The last issue was the EU, although this was a very marginal issue. Except for SaS and the National Party SNS, all the parties were for the European Stability Fund and all the new European measures designed to solve the debt crisis. Paradoxically, even SaS was not very vocal about this issue, which had been the reason for it breaking with the Radicovás governemnt in 2010.

It was very pleasing that the Hungarian issue was totally absent from the election campaign.

2) What was the main message of SMER during the campaign?

The key issues for SMER-SD were stability and social security, the policies against precariousness and the support for a modern social state. The crucial idea was that the poor should not be burdened by the raising of VAT as its effect is regressive. Rather, the banks (with its huge profits) and the richest in society (earning more than 33 000 Euro annually) should pay a tax rate of 25%. Also public investment was an important issue for SMER. Furthermore, the issue of reintroducing a more protective Labour Law was proposed, after the right-wing government introduced a typical neoliberal Labour Act, enabling, for example, management to fire employees more easily.
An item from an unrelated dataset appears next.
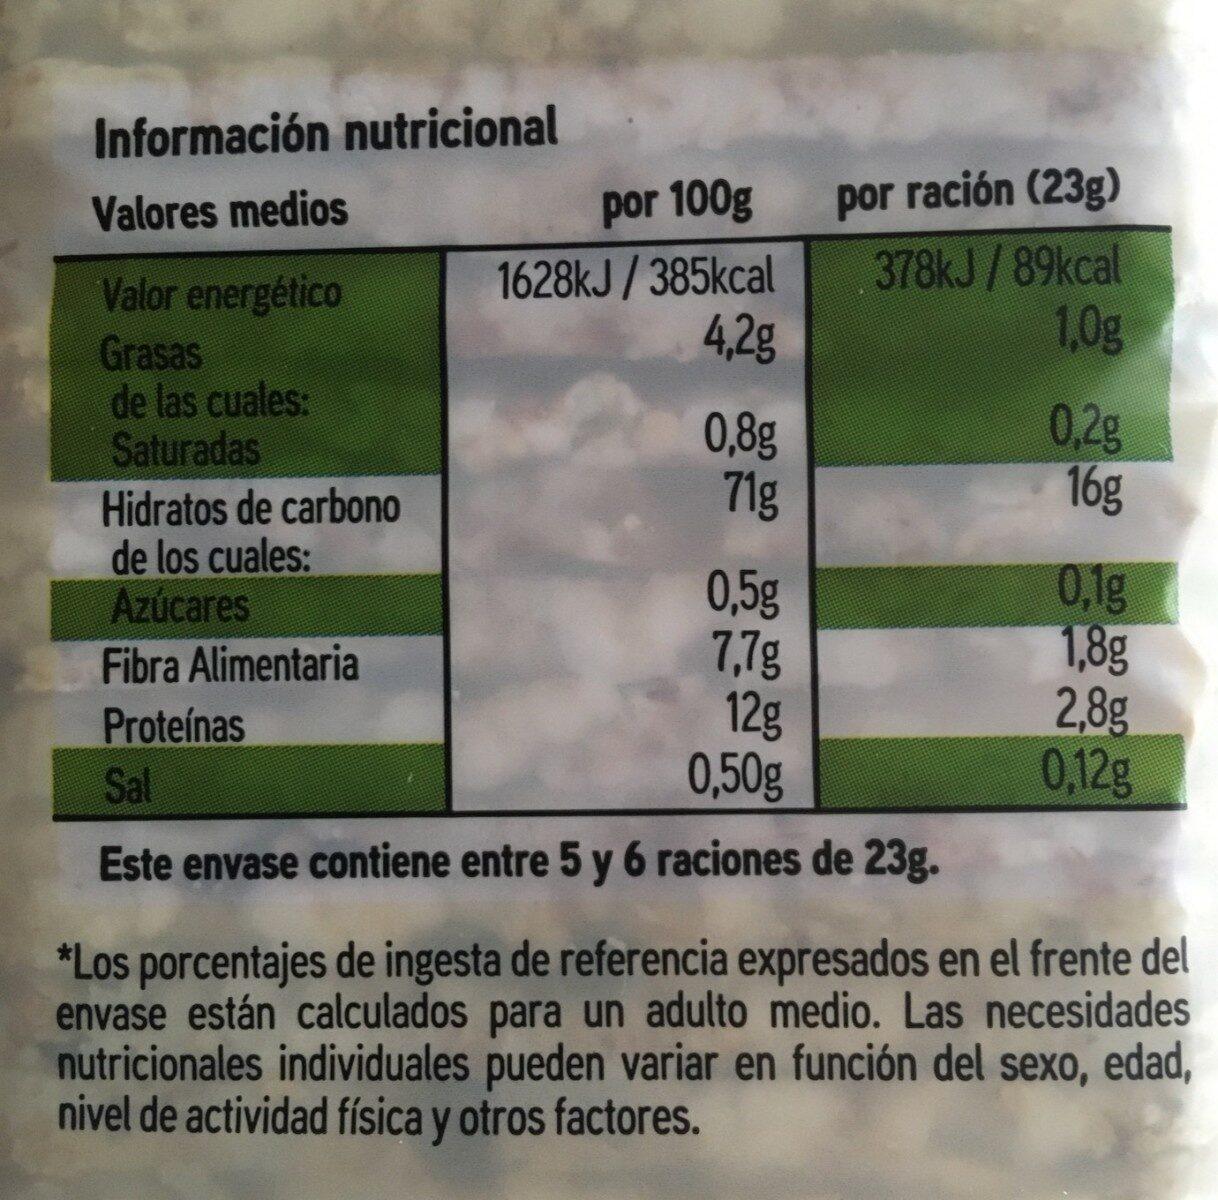 Tortitas de arroz - Informació nutricional - es
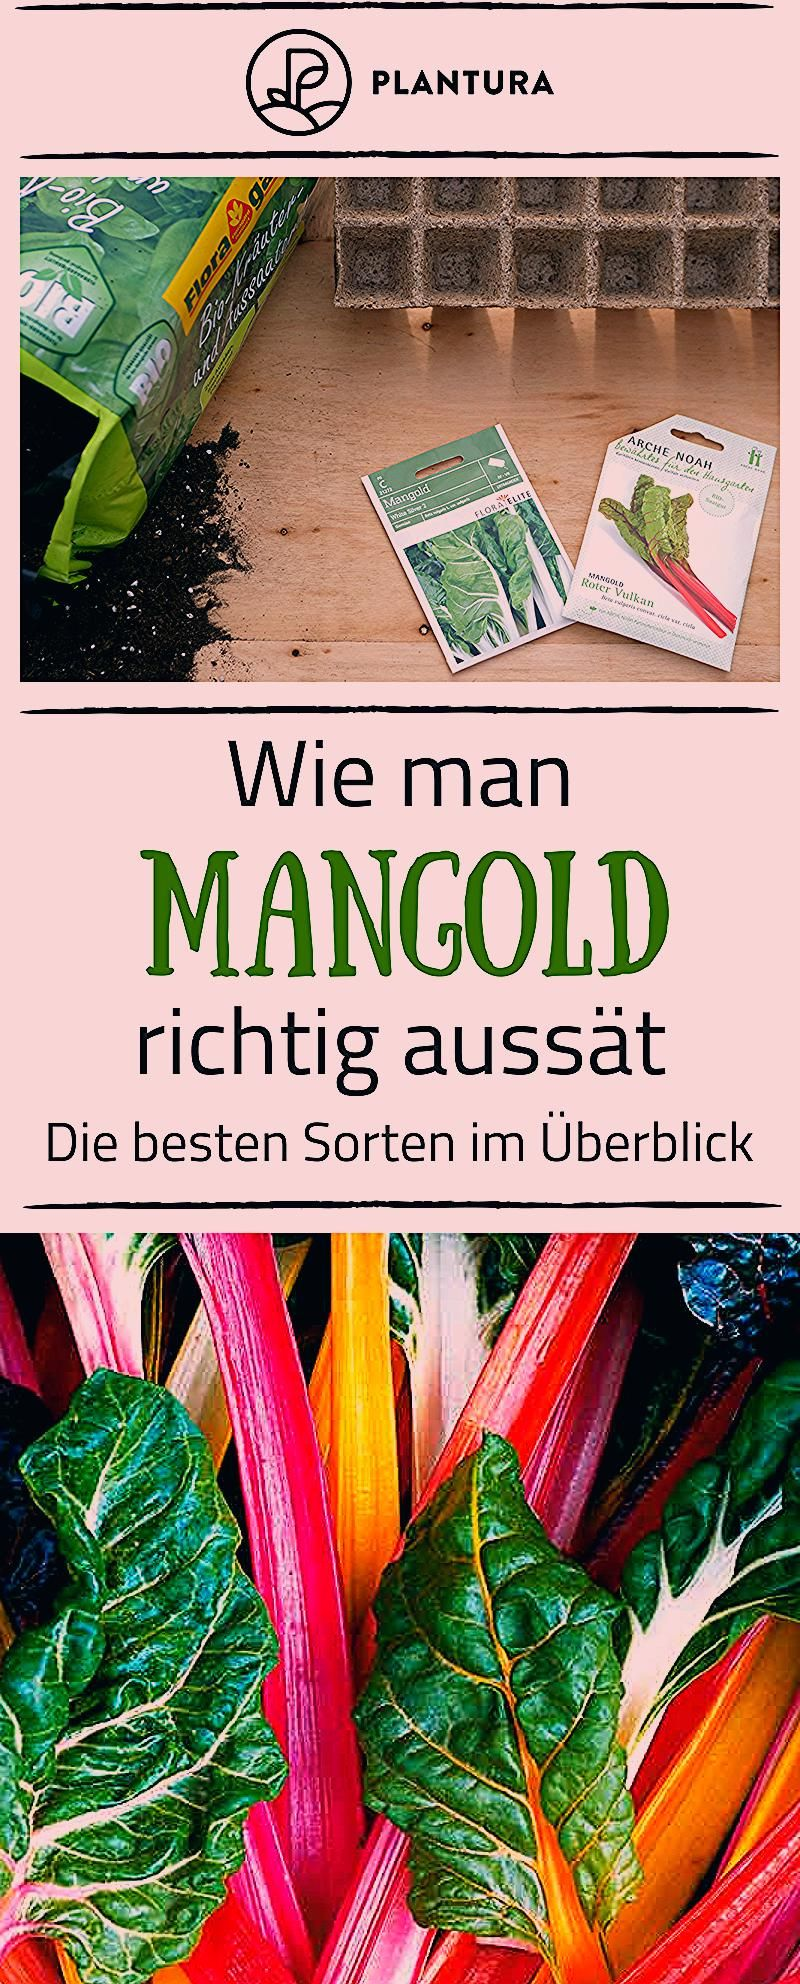 Photo of Mangold anbauen: Profi-Tipps zu Standort & Vorgehen – Plantura

This was a classic neo-Keynesian programme. SMER was also strong on the EU agenda and offered support for united EU solutions to the debt crisis.

3) What kind of challenges will the new government face?

The condition of the state following the Radicovás government is disastrous. Firstly, the tax office is not under control and there is a serious problem with collecting revenue. The state budget has been underestimated and the fiscal deficit will therefore grow automatically.
It is written in the Slovakian constitution (which was supported at the time by SMER) that the budget deficit cannot cross 3% of GDP. This could restrict the possibility of the government carrying out a Keynesian policy of public investment. It is most likely that the SMER government will have to introduce some policies of public spending savings. These will not however be as drastic or painful as those proposed by the right-wing parties. The trust in the political system after the ‘Gorilla case’ is very low and SMER has to be very careful in what policies it introduces. The turnout at the election was almost 60% and this therefore provides SMER with a large social mandate and legitimacy.